PS21 Event Writeup: ‘The Changing Face of Conflict’ (October 2)

The fourth installment of our Changing Face of Conflict series was hosted in the Cabinet Office and moderated by PS21 Director and Reuters Global Affairs Columnist Peter Apps. From urban violence in the world’s metropoles, the role of women in Daesh, to the clashing of International Humanitarian Law with the use of drones, our panel challenged the audience to think outside of classic response categories.

Dr Kieran Mitton, Senior Lecturer in International Relations at the War Studies Department, King’s College London, reported insights from field studies in Cape Town, Rio de Janeiro, Freetown and London. With the growth of megacities, human society is now dominated by urbanisation. In the convergence of urban and civil war, Mitton argued, we should pay more attention to cities as conflict grounds instead of thinking primarily of state actors. Threats will be increasingly urban, yet he warned of a counterproductive focus on insecurity and the dangers of the militarisation of policing. Mitton argued that any sustainable intervention in urban warfare needs to address the social root causes and understand that urban conflict is not a short-term violent spike, but a long-lasting harmful process.

Dr Joana Cook, Senior Fellow at the International Centre for the Study of Radicalisation and Political Violence, King’s College London, discussed the role of women in Daesh and the responses we need to formulate when de-radicalising and reintegrating female returnees. The one-sided narratives of female victims in the former caliphate are essentially harmful for adequately countering extremism she said. Women have held diverse roles in Daesh: As combatants, fundraisers, propagandists and background supporters, they have contributed substantially and have provided inspiration to other female recruits. Any response to both returnees and women remaining within the organisation has to be a holistic, full-spectrum approach. For female returnees, community-level initiatives and judicial approaches need to take into account women who do not pose a threat and differentiate from those who do. Within Syria and Iraq, allied forces need to consider how women are engaged in long-term rebuilding efforts and can be transformed into valuable partners. Overall, Cook urged that we have to better at engaging, accounting for, and responding to women.

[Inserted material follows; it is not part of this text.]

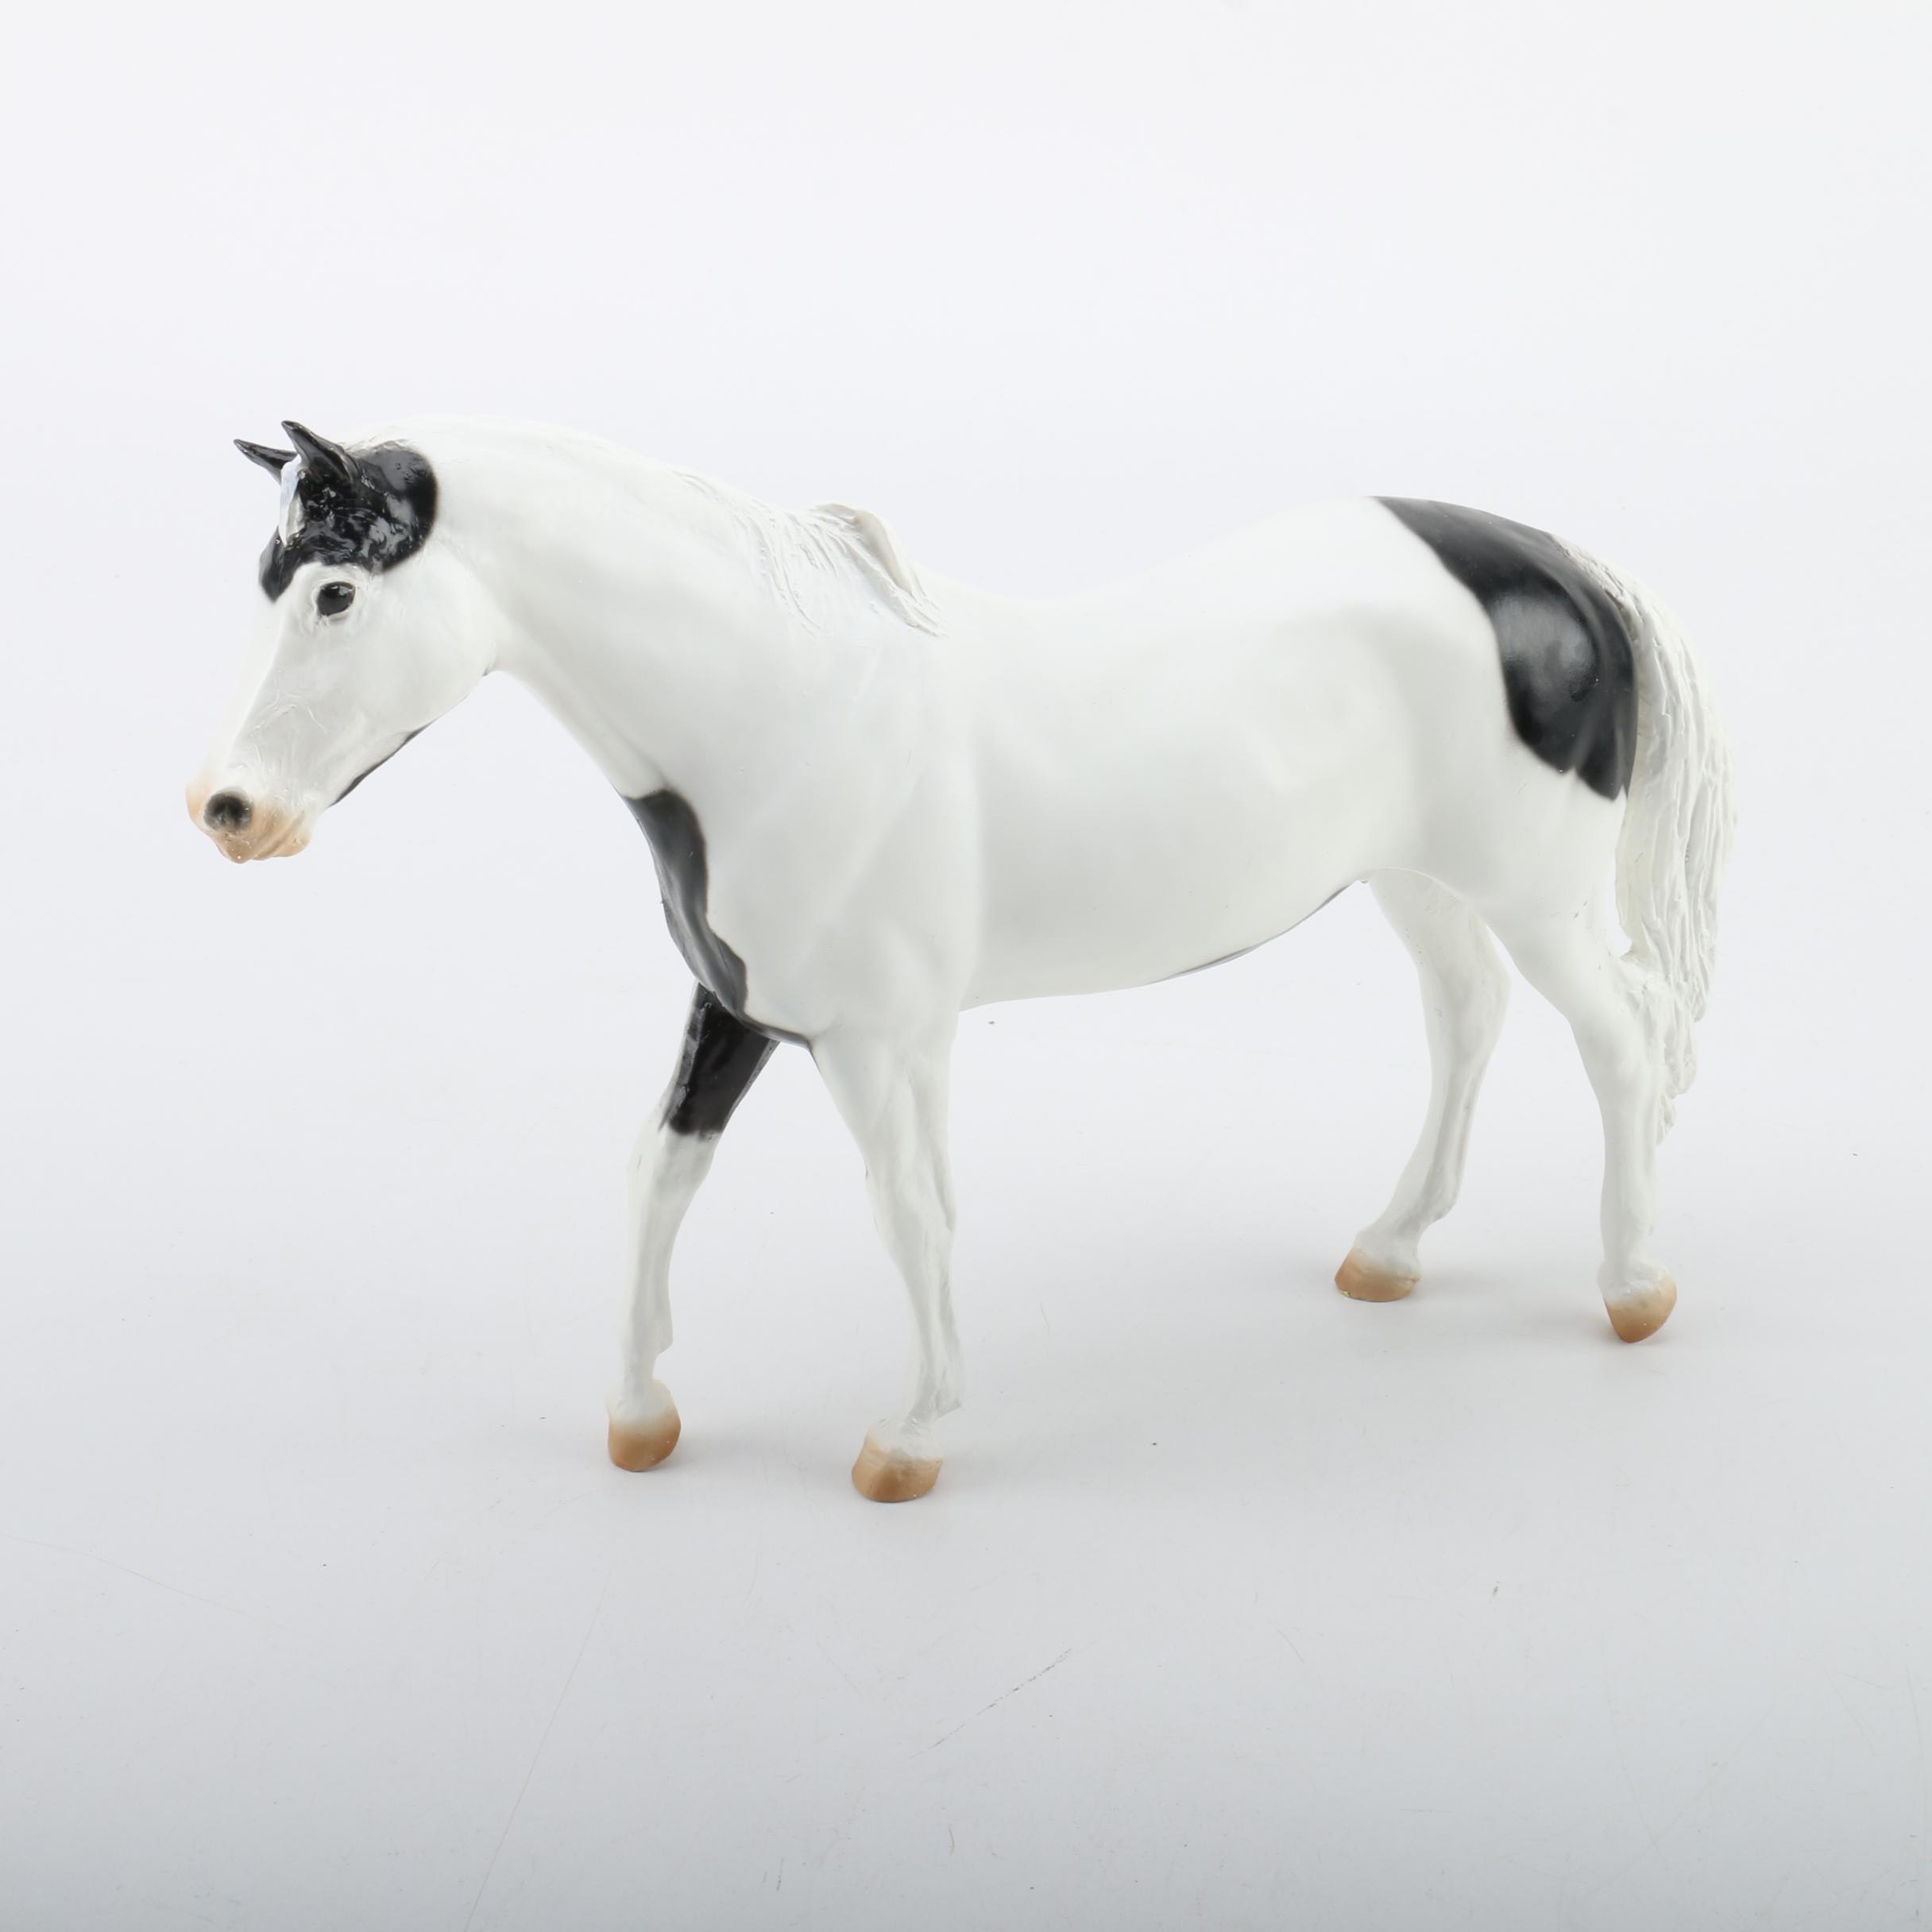 Limited Edition Porcelain Horse Figurine

Dr Eleanor Beevor, Anthropologist, Journalist and Conflict, Security & Development Research Analyst at the International Institute for Strategic Studies, spoke on the erosion of human rights and peace building institutions. Beevor argued that Western society has become far too comfortable with the idea that precision in warfare will provide solutions. In increasingly urban warfare, the use of drones cannot be precise enough to not harm civilians. As such, 9,000 civilian deaths in Syria alone were caused by coalition drone strikes. Beevor criticised the wide-spread persuasion that the only way to respond to non-state extremists is to exterminate them; according to her analyses, non-apocalyptic groups can certainly be engaged. Finally, Beevor urged the audience to not neglect civilians in conflict, to do everything one can to strengthen the institutions of International Humanitarian Law and the mechanisms that exist to minimise civilian deaths.